Don’t forget to schedule your tour and see the site transform this spring!

Lot Configuration Comparison

Over the past couple weeks we have received quite a few follow-up questions to our post about the public lake band lot size comparison.  The exhibit from that post showed the entire Heron Lake site with the 300 additional residential lots that public lake sizing would have allowed on the site.  We have received requests to see a side by side comparison of the lot sizings used for that exhibit.  You can download a PDF version of that exhibit here.

The obvious difference is the overall size.  But when you dig deeper you’ll notice that the narrower lot also restricts the flexibility in house layout.  It is impossible to place an accessory structure and the space between the house and road becomes the only parking available.  The lake yard is so small that outdoor spaces are quite restricted.  This smaller lot was intended for short term visits to a bungalow or small cabin style house.  It was not intended for everyday use but more of a vacation house with intermittent stays.  These houses must typically be multi-level just to provide enough room for sleeping and support spaces.

Heron has focused on providing lot sizes that accommodate the lifestyle that the residents desire at Heron Lake.  With the greater flexibility of lot width and depth, houses can be designed with leeway to conform to the resident’s needs (side load garages, canted houses for best vistas, on-site storage, extensive outdoor lake yard space, etc.).  The site wide amenities and outdoor spaces will allow for a variety of uses and the residents will truly be able to live, work, and play at the same house.  Don’t forget to schedule your tour and see if the Heron community is a good fit for you!

Heron FAQ Updates

Over the past month the Rules and Restrictions for the Heron Lake PUD have been available for review.  We have received a couple common questions concerning the specific details of those documents.  The list below are the responses to those questions:

1 – Is the 200HP engine & 45MPH speed limit a fixed restriction?

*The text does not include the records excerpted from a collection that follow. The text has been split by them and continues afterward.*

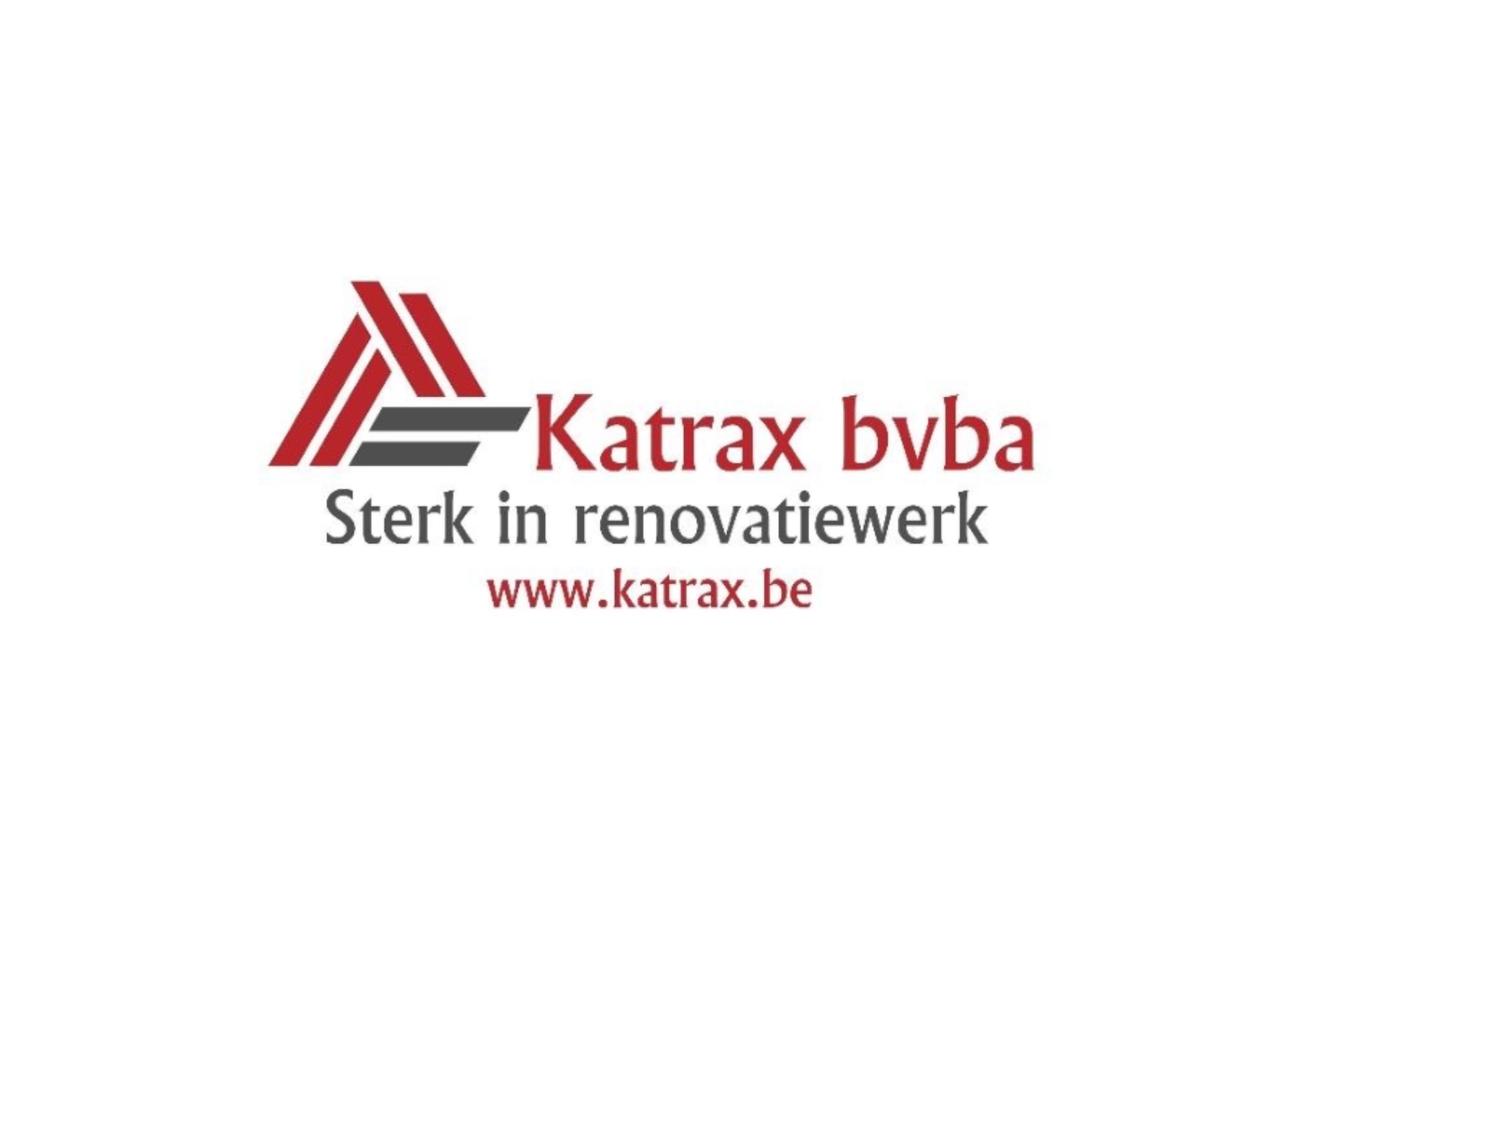 Katrax bvba logo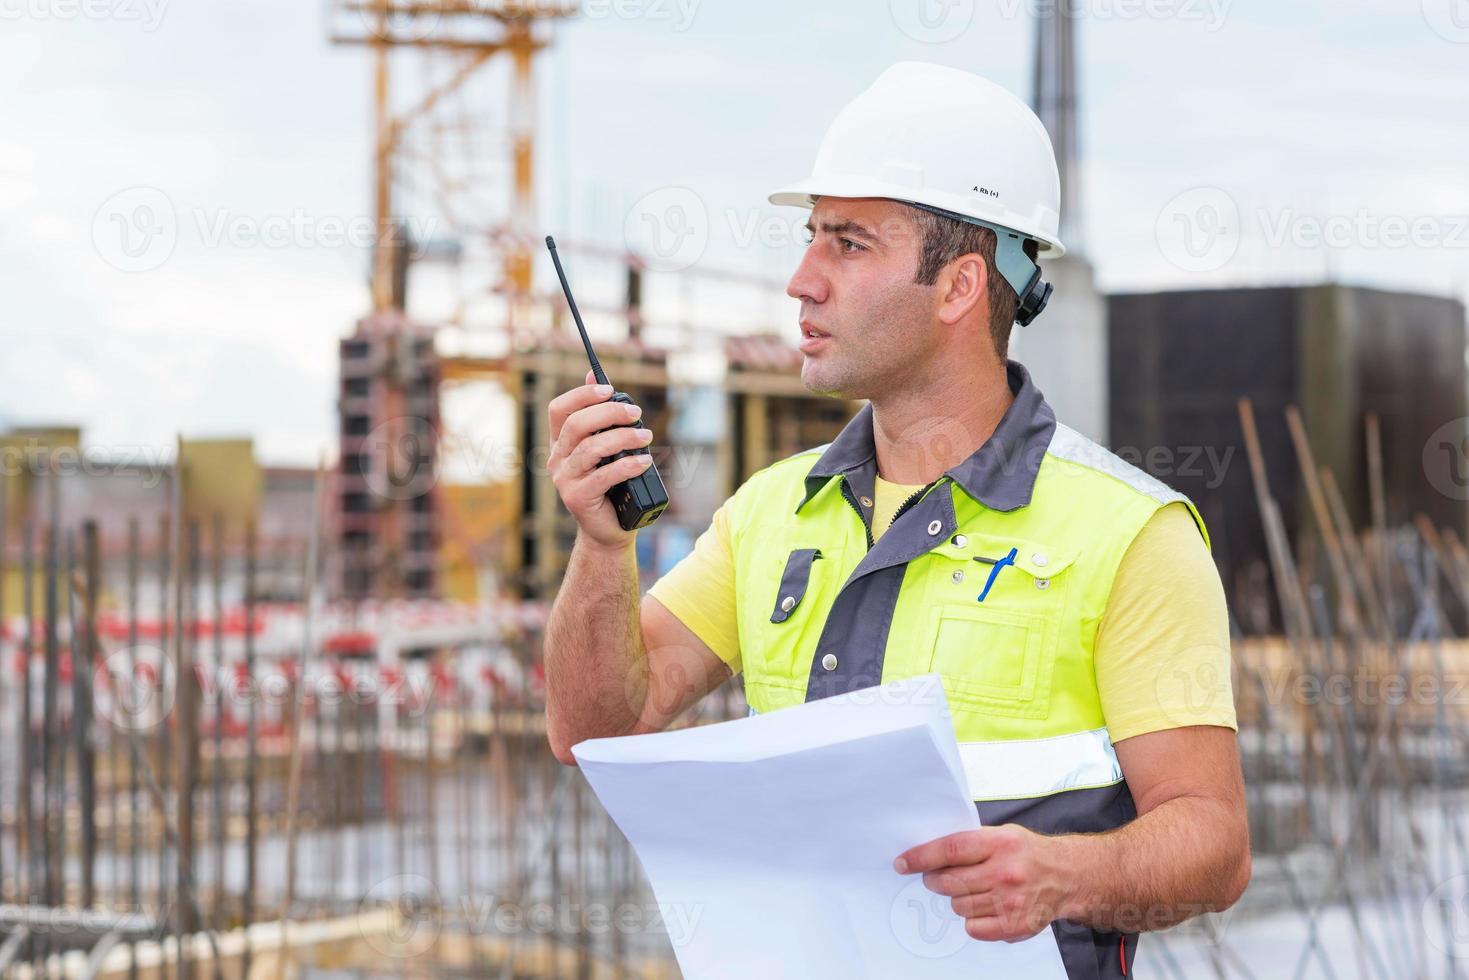 ingeniero civil en obra foto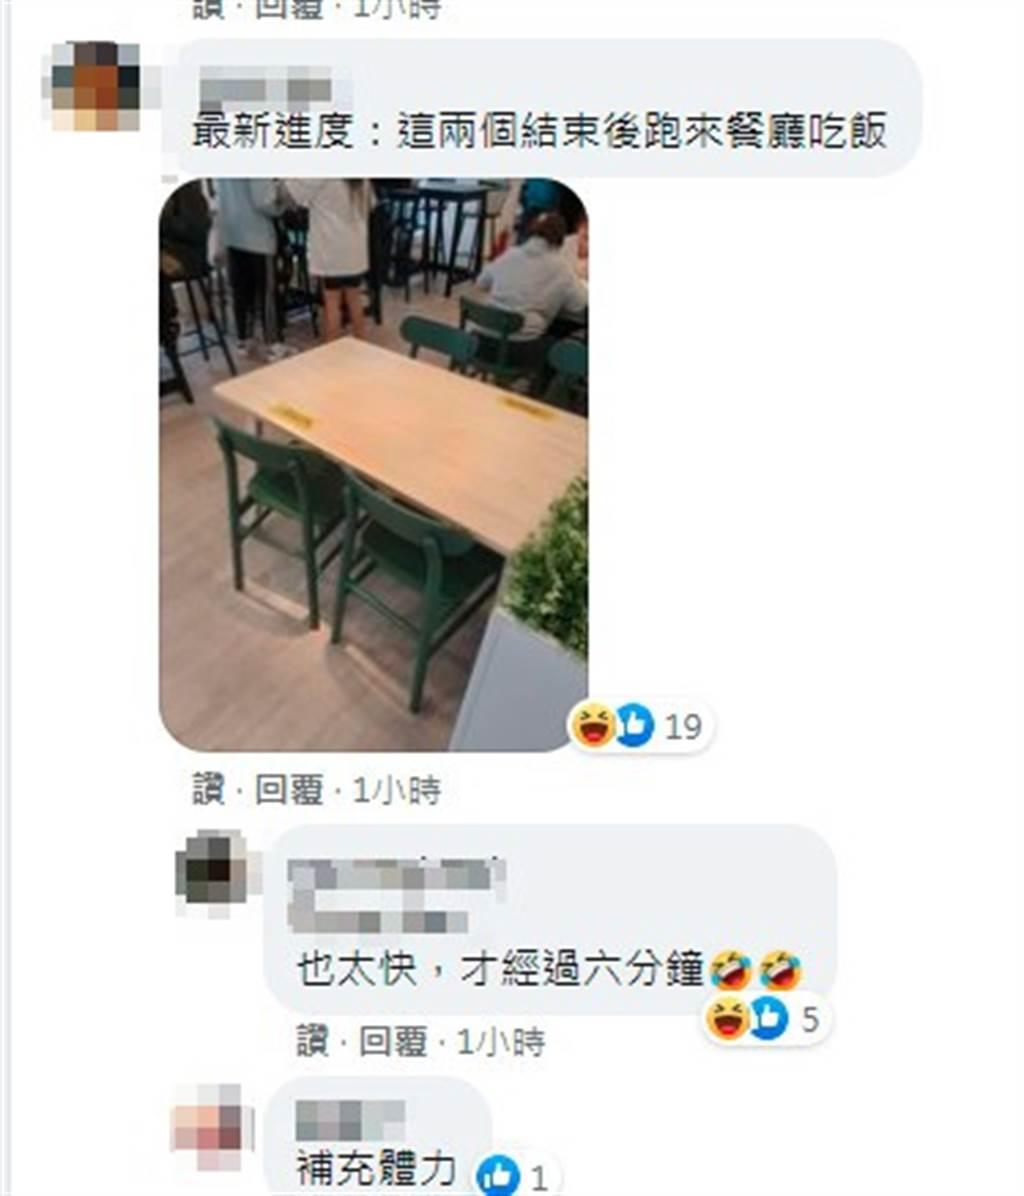 有網友在店內捕獲這一對小情侶。(圖擷取自爆怨公社)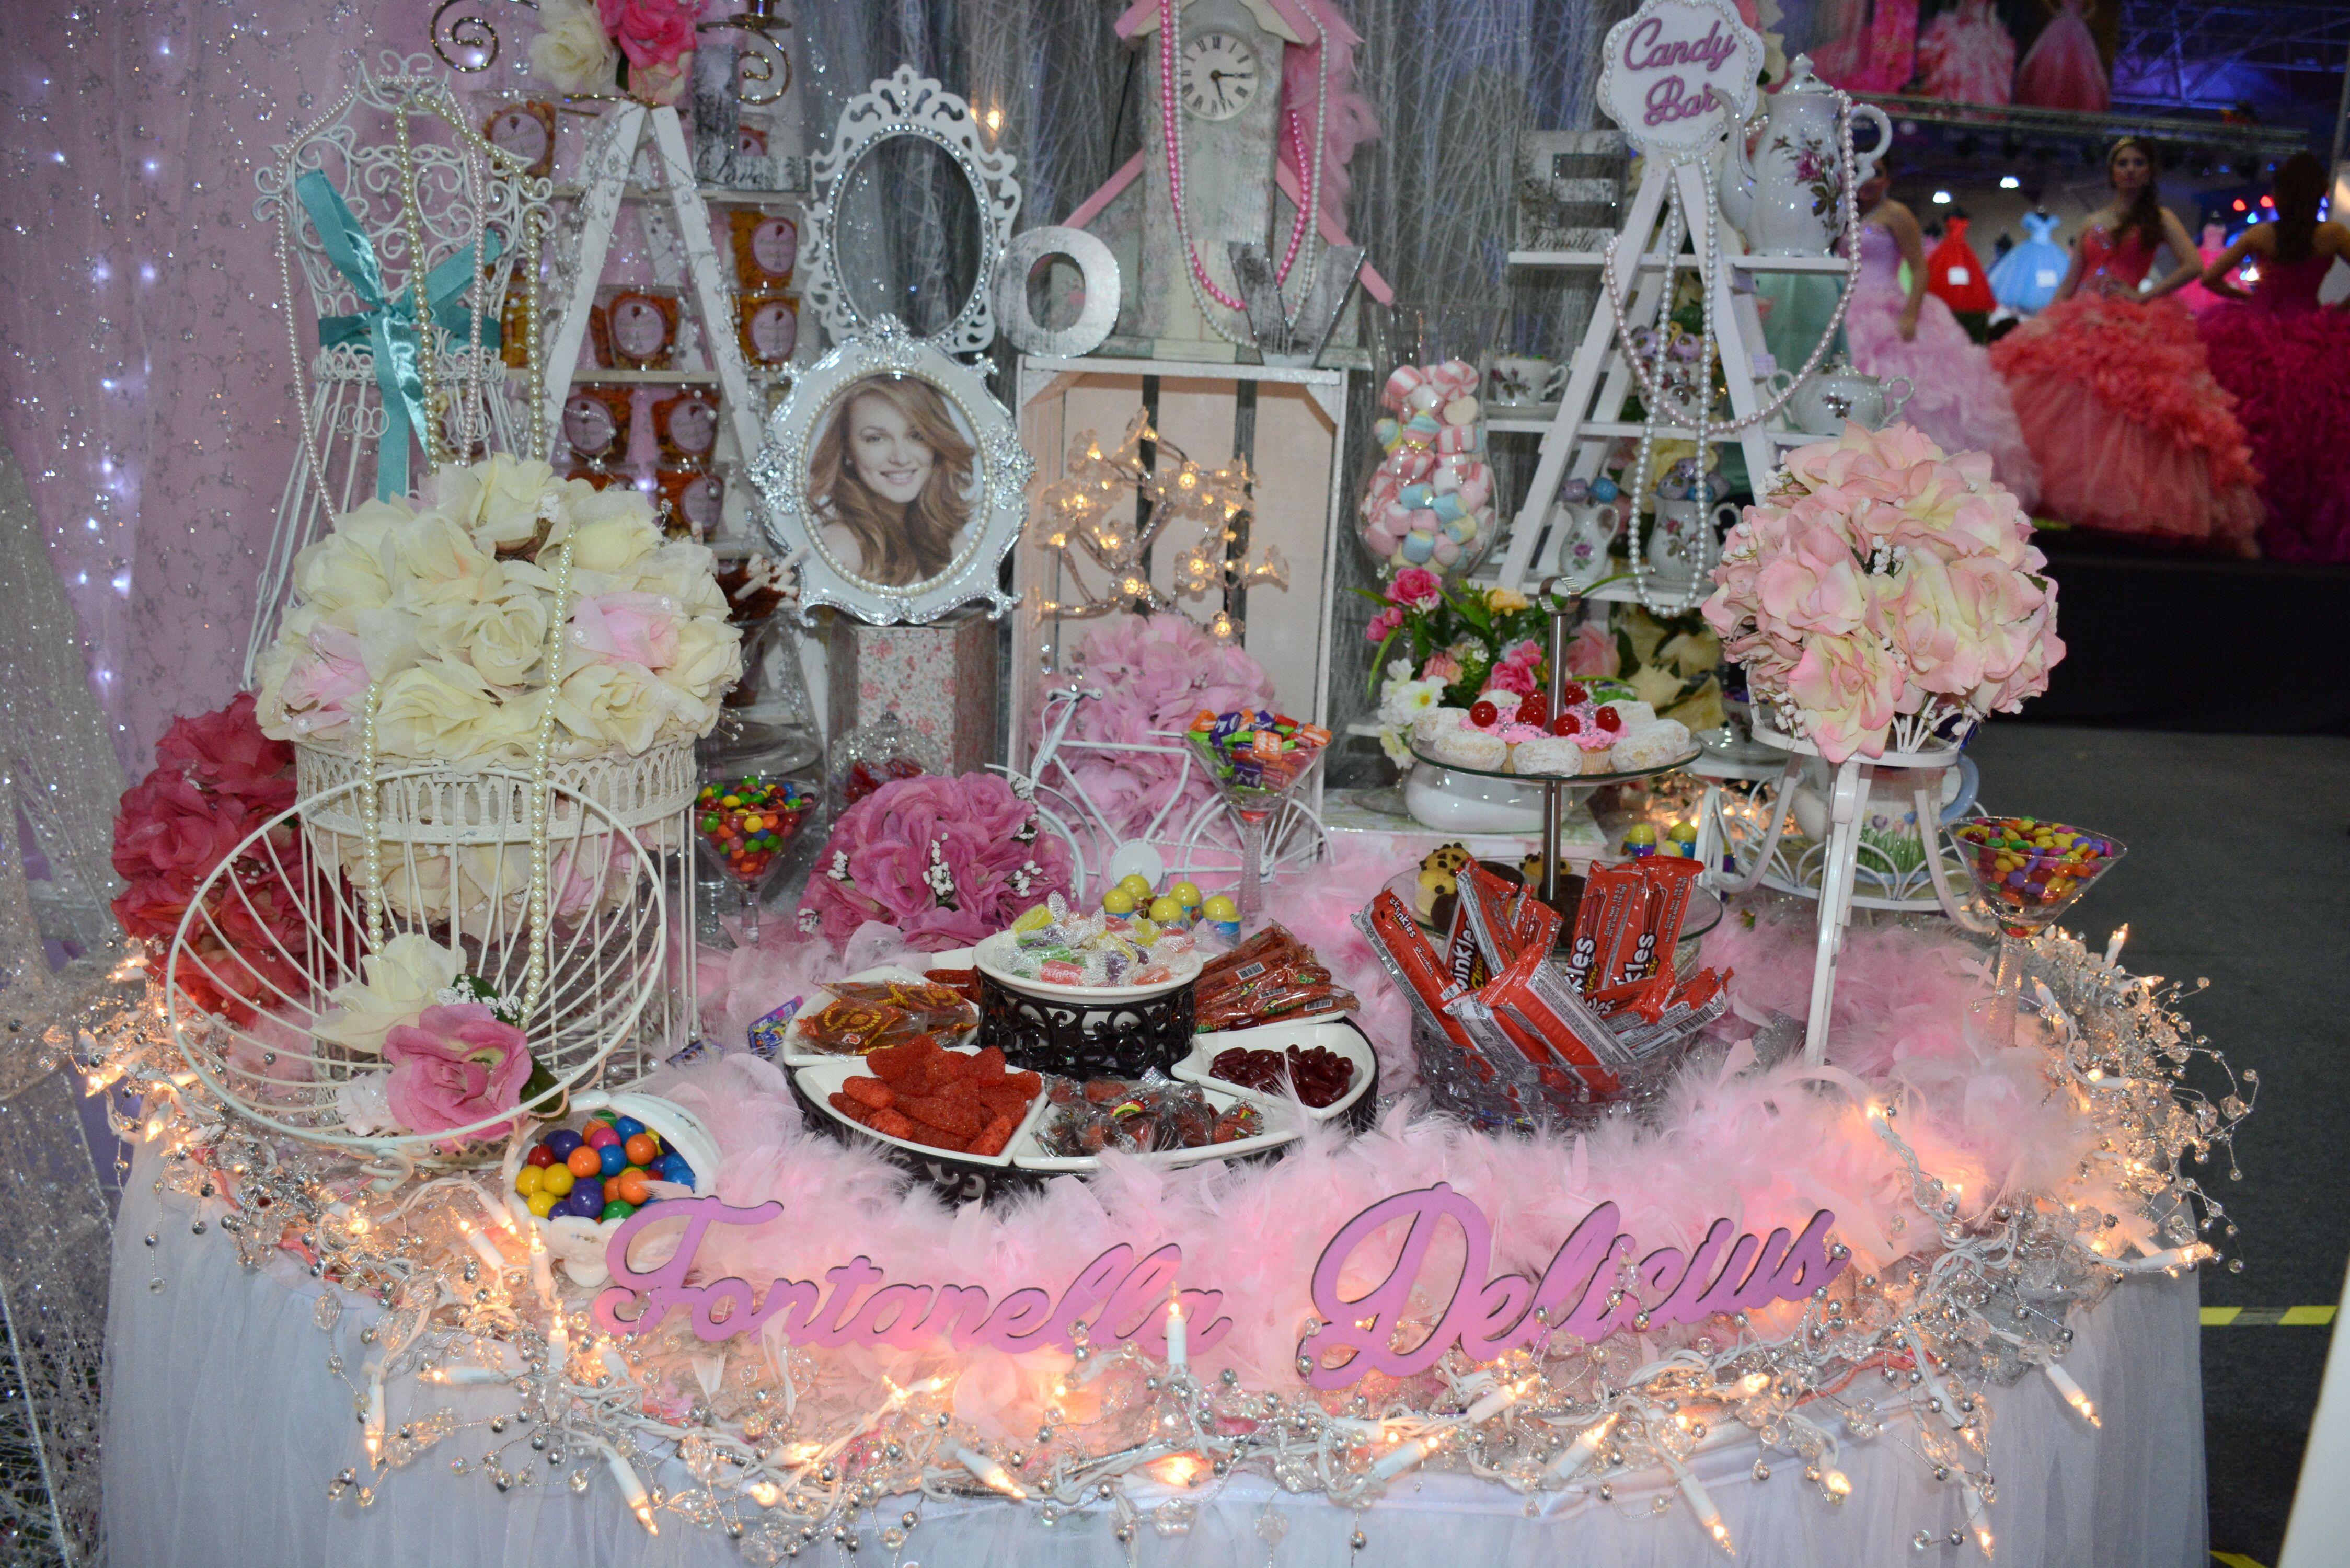 Mesa de Dulces para tu quince años #mesadedulces #quinceaños #quince #XV # quinceañera | Mesa de dulces, Dulces, Cumpleaños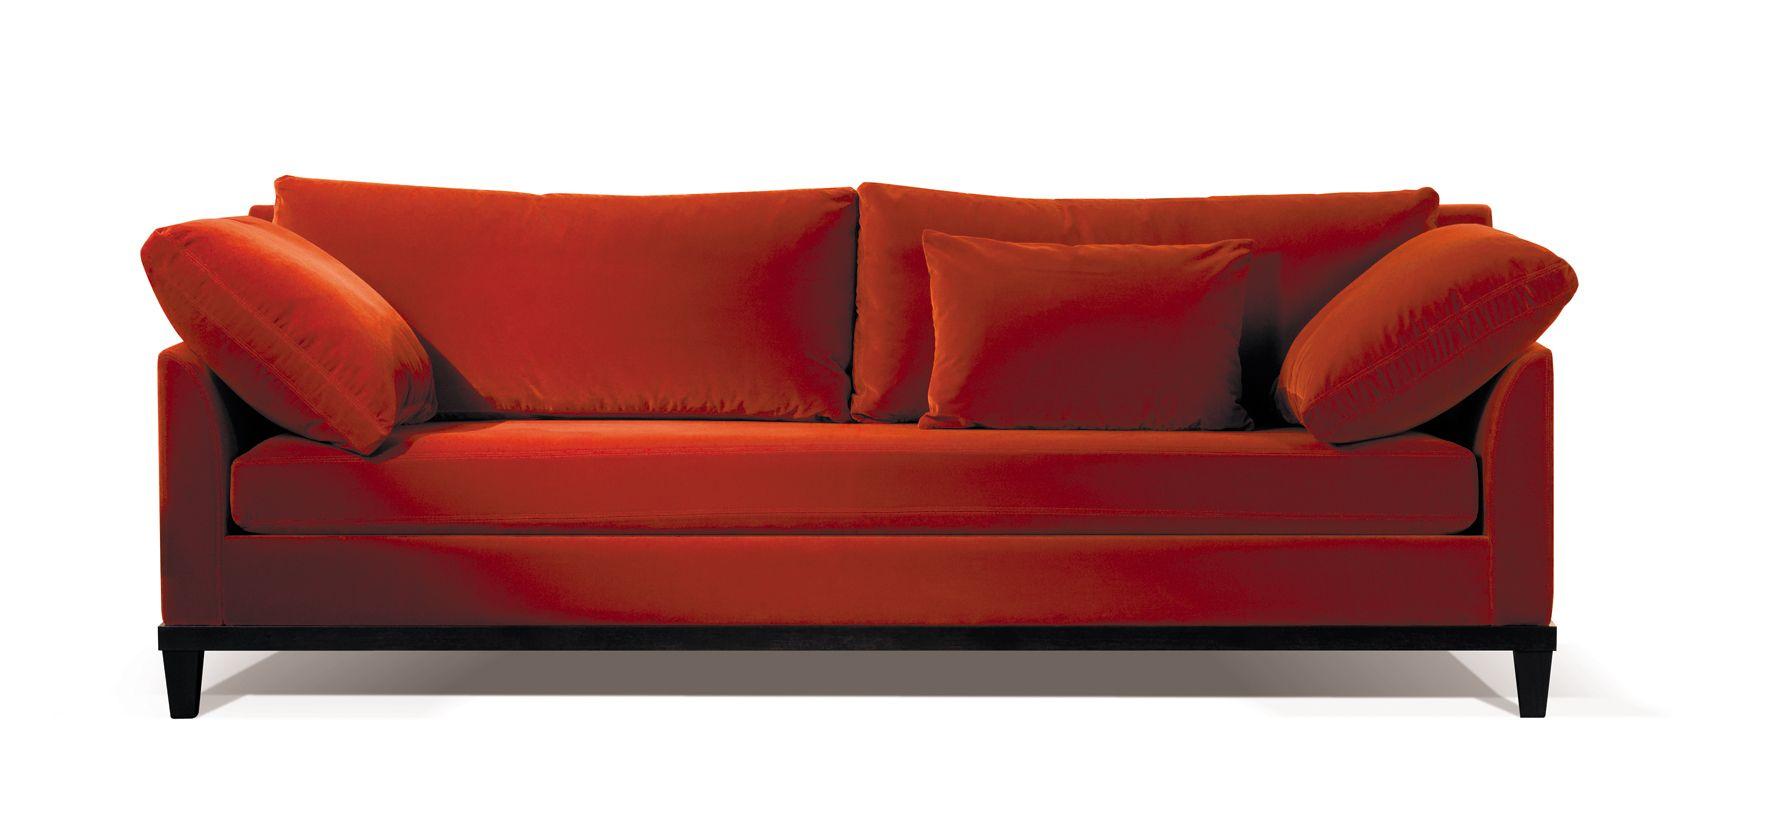 Canape En Velours Rouge Signe Duvivier Le Haut De Gamme 100 Made In France Modele Decline En Tissu Et En Cuir Coup De Sofa En Velours Canape Duvivier Canape

These have been the most commonly asked questions.  The simple response is no, they are not outright restriction, they are guidelines that may be waived by Heron Property Management.  Being a private lake there must be some criteria by which HPM could restrict access and activities for the safety of those on the water.  For this purpose no boat may be launched without an ID issued by HPM, that is the prior written approval component.  So to have a watercraft on the lake requires HPM approval, there is no unrestricted or unevaluated access to the lake.

For example, if you have a boat that exceeds the guideline of 200HP, HPM would note that excess in our ID files and also that we had requested you pay special attention to your watercraft activities given the size of your engine.  Now go have a great time on the lake.  The same is true for the 45MPH speed limit, the overall safety of those boating is our primary concern.  And we can move that guideline in both directions.  We anticipate, given feedback, that there will be calm periods sporadically throughout the summer where motorized traffic will be prohibited to allow canoeing, kayaking, or other non-motorized activities to fully enjoy the lake.

In short, HPM retains the ability to enforce safe activities on the lake and will not allow unrestricted or unsupervised access to the lake.  We have published guidelines for safe operation and will give substantial leeway for residents to enjoy the water in their own fashion.  The Residents will have say in the uses that are allowed on the water, that is the beauty of a private lake.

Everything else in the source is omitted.